In making this argument, these individuals often then argue that a power not delegated to the federal government remains with the state, as Madison himself explained. Thus, the prevailing view is that in absence of a specifically enumerated and delegated power to the federal government, the states enjoy plenary (absolute) power over any given issue.

This conclusion is extremely dangerous. For if we are to agree that a government at any level enjoys absolute power over an issue, we divorce that government from any moral restraint and justify its arrogation of usurped authority. This argument should be rejected, not eagerly employed, by those who claim to champion limited government.
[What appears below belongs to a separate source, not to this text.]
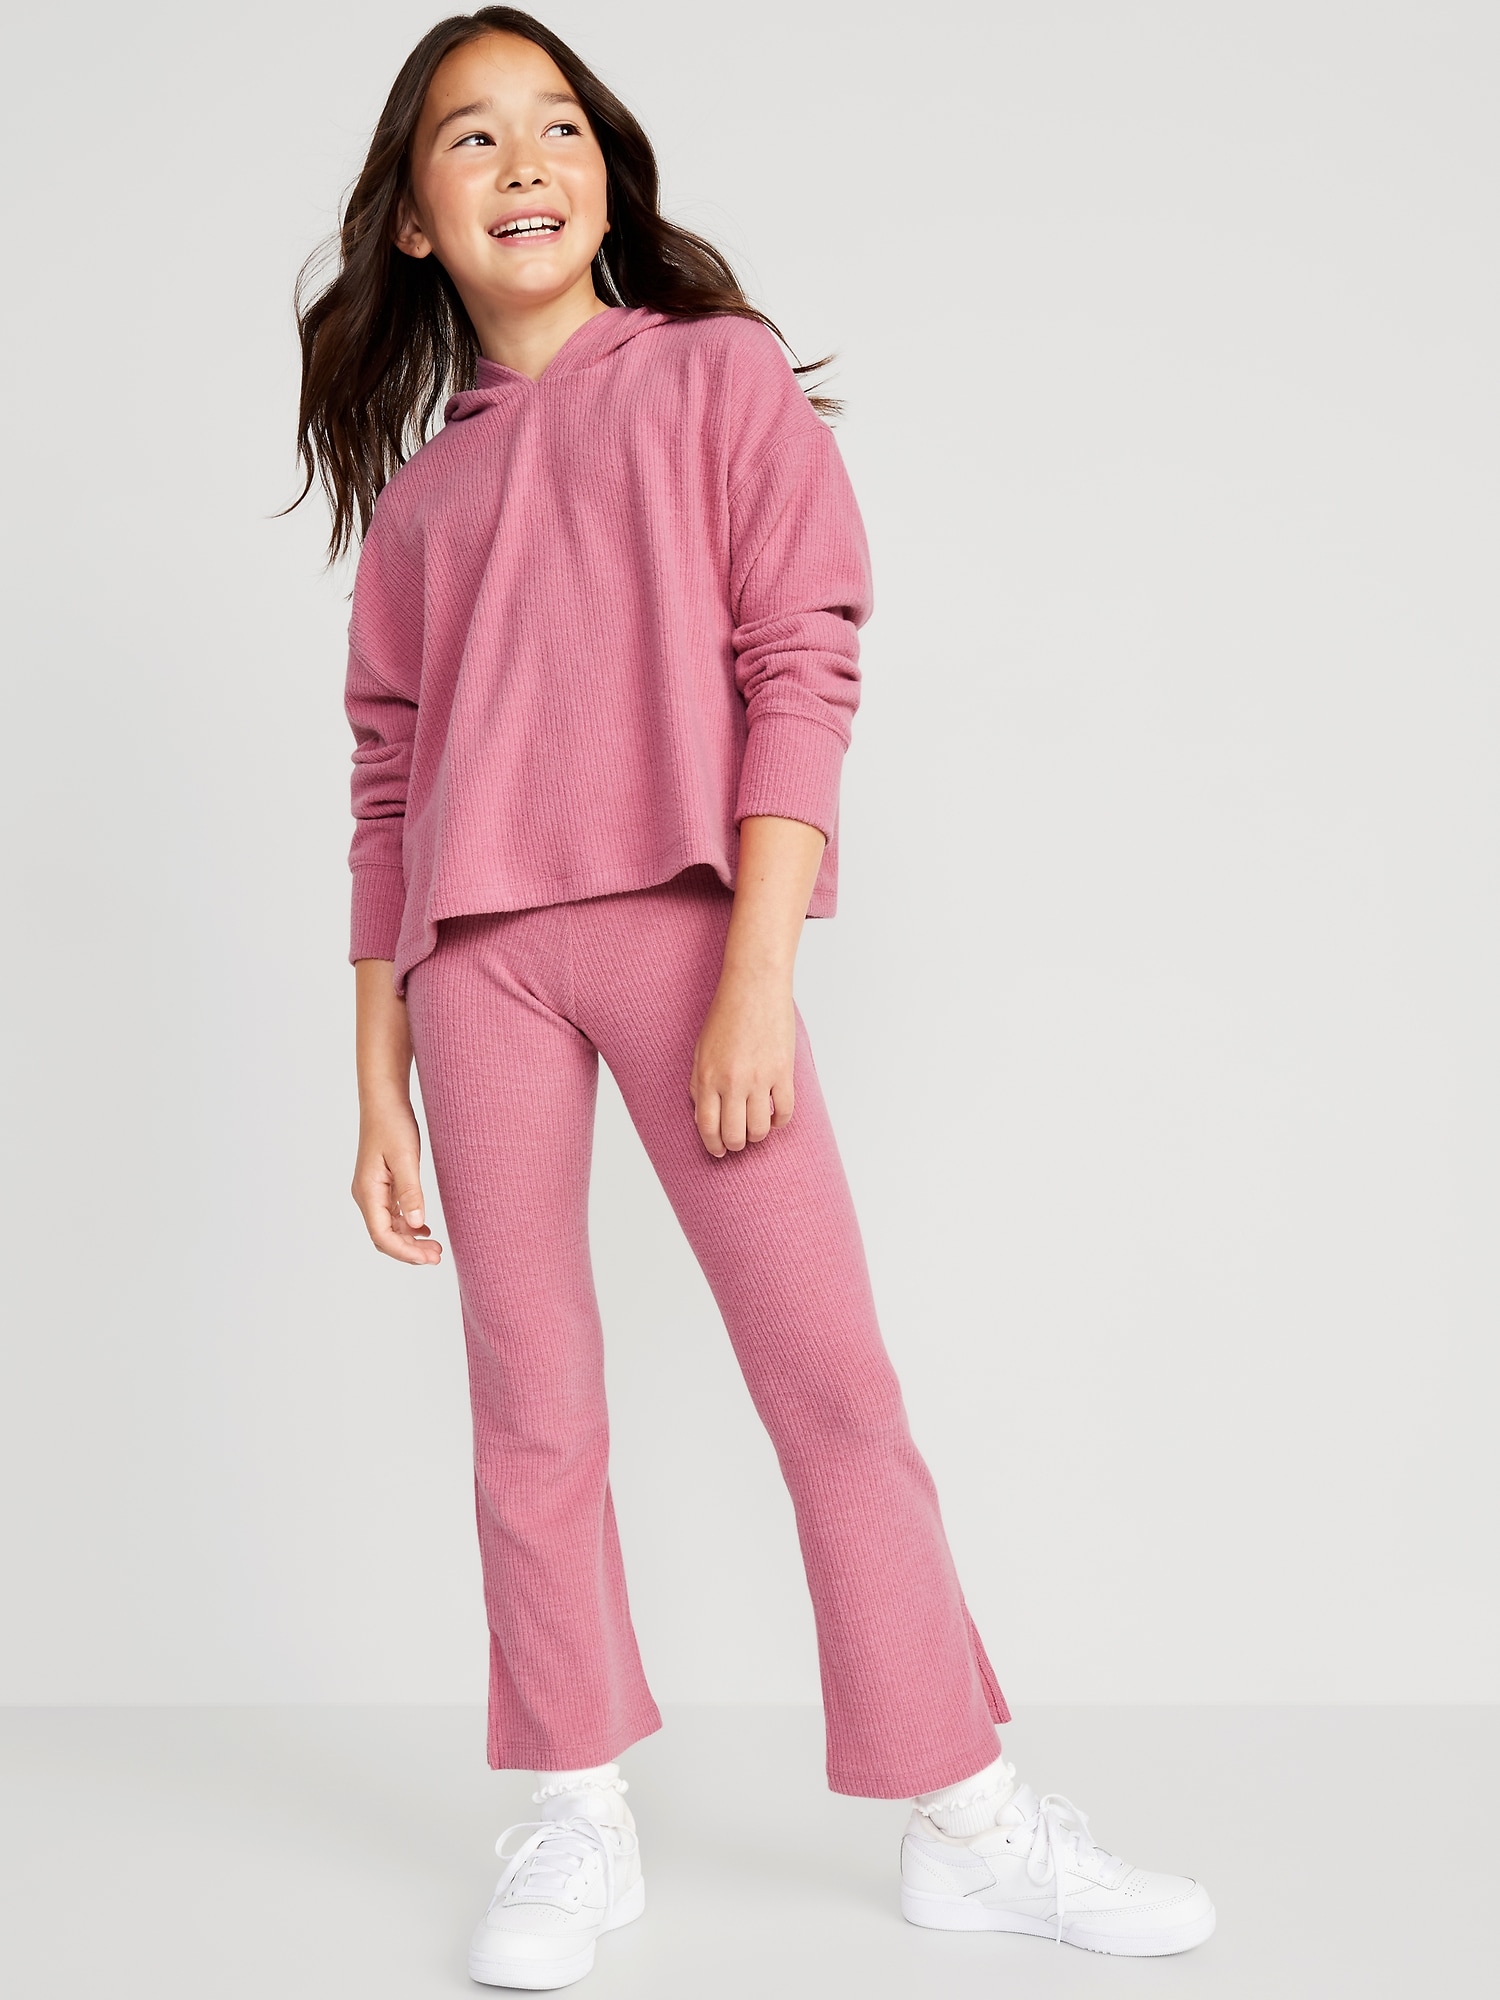 Plush Cozy-Knit Hoodie & Side-Slit Flare Pants Set for Girls | Old Navy

The truth is that individuals alone hold plenary power—the ability to freely act so long as they do not harm another—"unobstructed action according to our will within limits drawn around us by the equal rights of others," as Thomas Jefferson said. Individuals organize to form a government and empower that government to act as their collective agent. Barring a system wherein each participant voluntary and explicitly consents otherwise, governments may only be legitimately delegated authorities which the individuals themselves possess.

This deserves further explanation. If ten people moved to an island and organized a government, they could all agree to a law for that government requiring that one half of their produce would be donated to a communal supply. While none of the individuals have the power to compel their neighbor to do this, they have all explicitly stated that they will abide by the law.

But consider when those individuals have children. These children, upon becoming adults and participants within the government, find themselves bound by an oppressive rule agreed to by their parents, but to which they never gave consent. This law—not based on any legitimate individual authority—can only morally be binding upon those who agreed to it. All other laws are only legitimate insofar as they are based on authority all individuals within that government themselves possess. This was persuasively demonstrated by Frédéric Bastiat, who concluded:

It seems to me that the rights of the state can be nothing but the regularizing of pre-existent personal rights. For my part, I cannot conceive a collective right that does not have its foundation in an individual right or presuppose it. Hence, to know whether the state is legitimately invested with a right, we must ask whether the individual has that right in virtue of his nature and in the absence of all government.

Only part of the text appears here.